Expansion unpopular with neighborhood
Objections to Parenthood proposal at meeting

       Strong opposition arose Wednesday night, June 2 against Planned Parenthood's proposed expansion of its facilities at 1330 W. Colorado Ave.
       At a public meeting attended by about 65 people in the Colorado Springs City Administration Building, a total of 26 citizens made cases in opposition to the private reproductive health agency's preliminary plan, while just 2 spoke in favor.
        Many of the speakers said they have lived in that neighborhood or on the Westside for many years and fear that the project would diminish the unique charm that has kept or brought them there. Anticipated detriments included historic and residential losses - three turn-of-the-19th-century homes would be removed to make room for Planned Parenthood's roughly doubled-in- size building and parking lot - and an increase in scope of the current Saturday morning anti-abortion protests.
        “If they want a bigger building, they should move someplace else,” suggested neighborhood resident Stephanie Porter, expressing a sentiment that was voiced by numerous attendees.

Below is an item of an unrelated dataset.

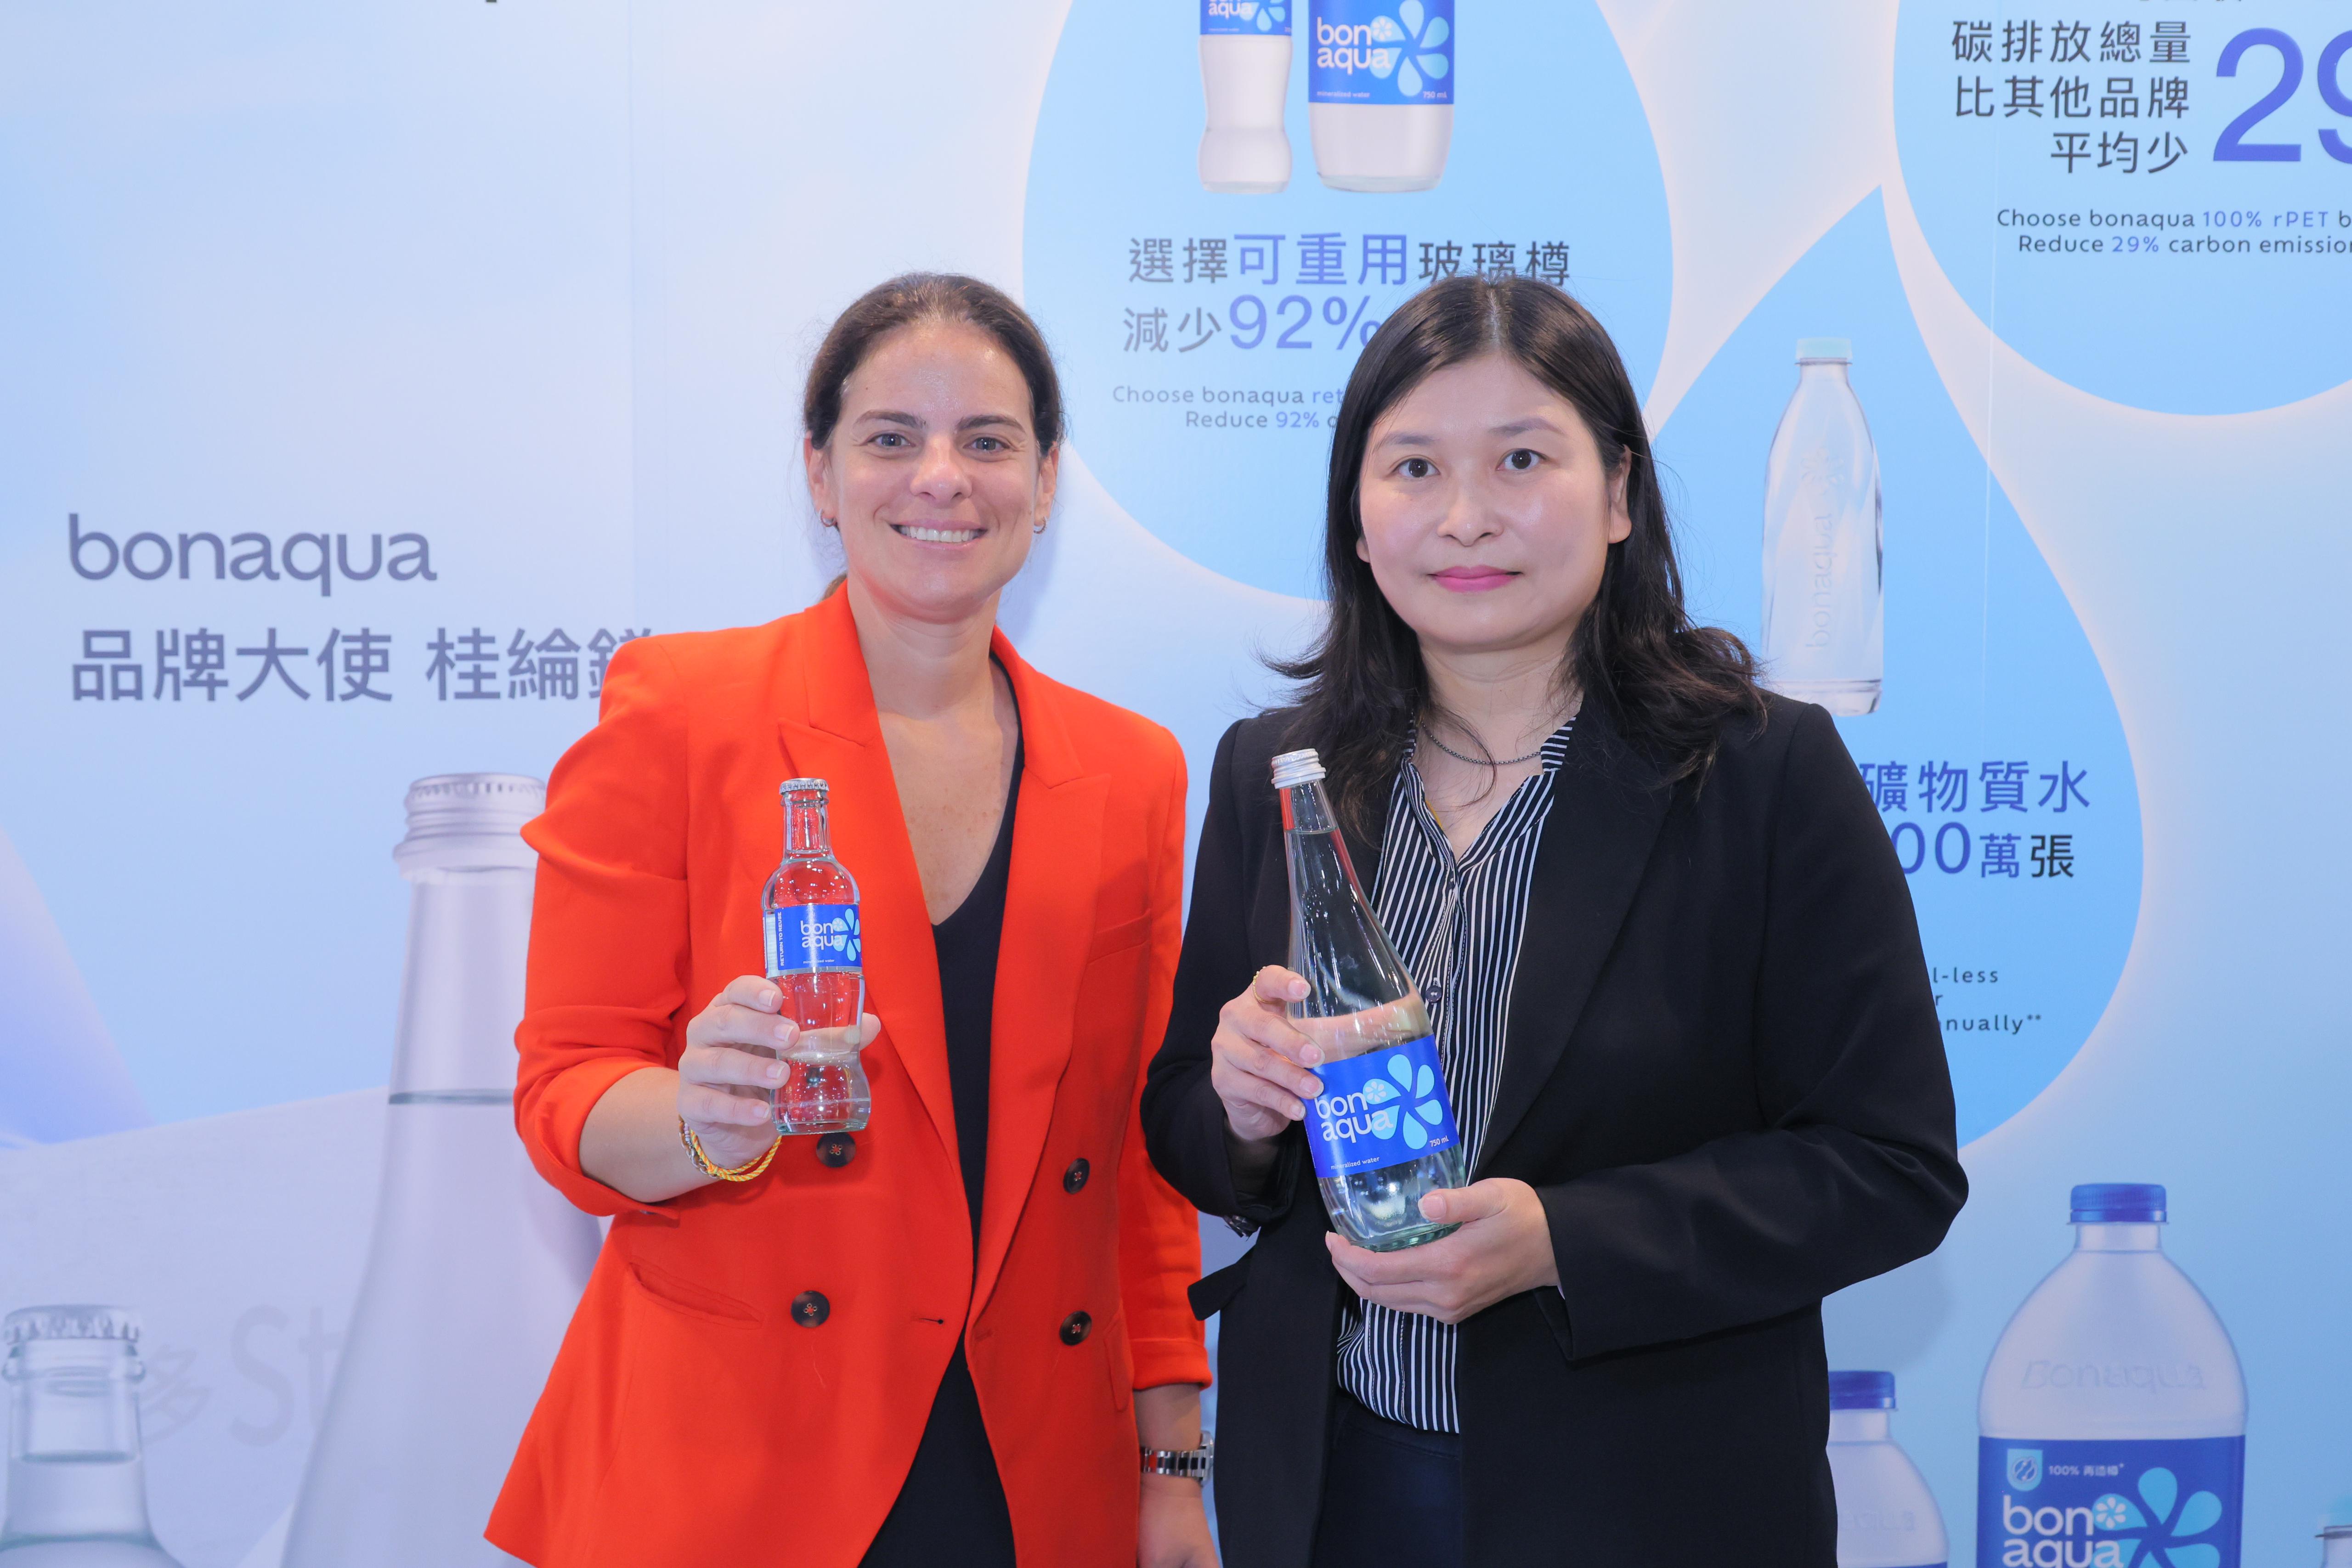 Marella Canepa Risso, Franchise Operations Director, Hong Kong and Macau at The Coca-Cola Company (Left), and Connie Yeung, General Manager of Swire Coca-Cola Hong Kong (Right), showcased bonaqua®'s newly launched mineralized water RGB at the event. They noted that orders for bonaqua® RGBs have been already received from hotels, and hopes that this collaboration with hotels will inspire other industries to prioritize sustainable development and work together for a greener future.

       Dave Hughes, speaking for the Old Colorado City Historical Society, referred to the project as part of a “creeping commercialization” on West Colorado Avenue.
       Several people, including a few Westside ministers, opposed the expansion because of their pro-life positions, despite the admonition of Colorado Springs Planner (and meeting facilitator) Larry Larsen that discussion should be limited to land use concerns.
       Planned Parenthood's four representatives at the meeting brought in a site plan slightly revised from that initially presented in May, saying the chief goals are to expand from the current 12 parking spaces to 30 (which would they think would relieve traffic congestion) and to replace the 37-year-old, 2,812 square-foot existing building with a 5,000 square-foot new structure. They said this would provide a larger waiting room for clients and reduce maintenance (such as a leaky roof) on the present facility. The chief reason given for staying at the Colorado Avenue location was that the zoning allows it there.
        Agency representatives chose not to respond to opposition remarks, except when asked at one point if they would find another site if their proposal were rejected. Robbie Ruhaak, a Denver-based senior vice president of internal/external affairs for Planned Parenthood of the Rocky Mountains, responded, “We don't know.”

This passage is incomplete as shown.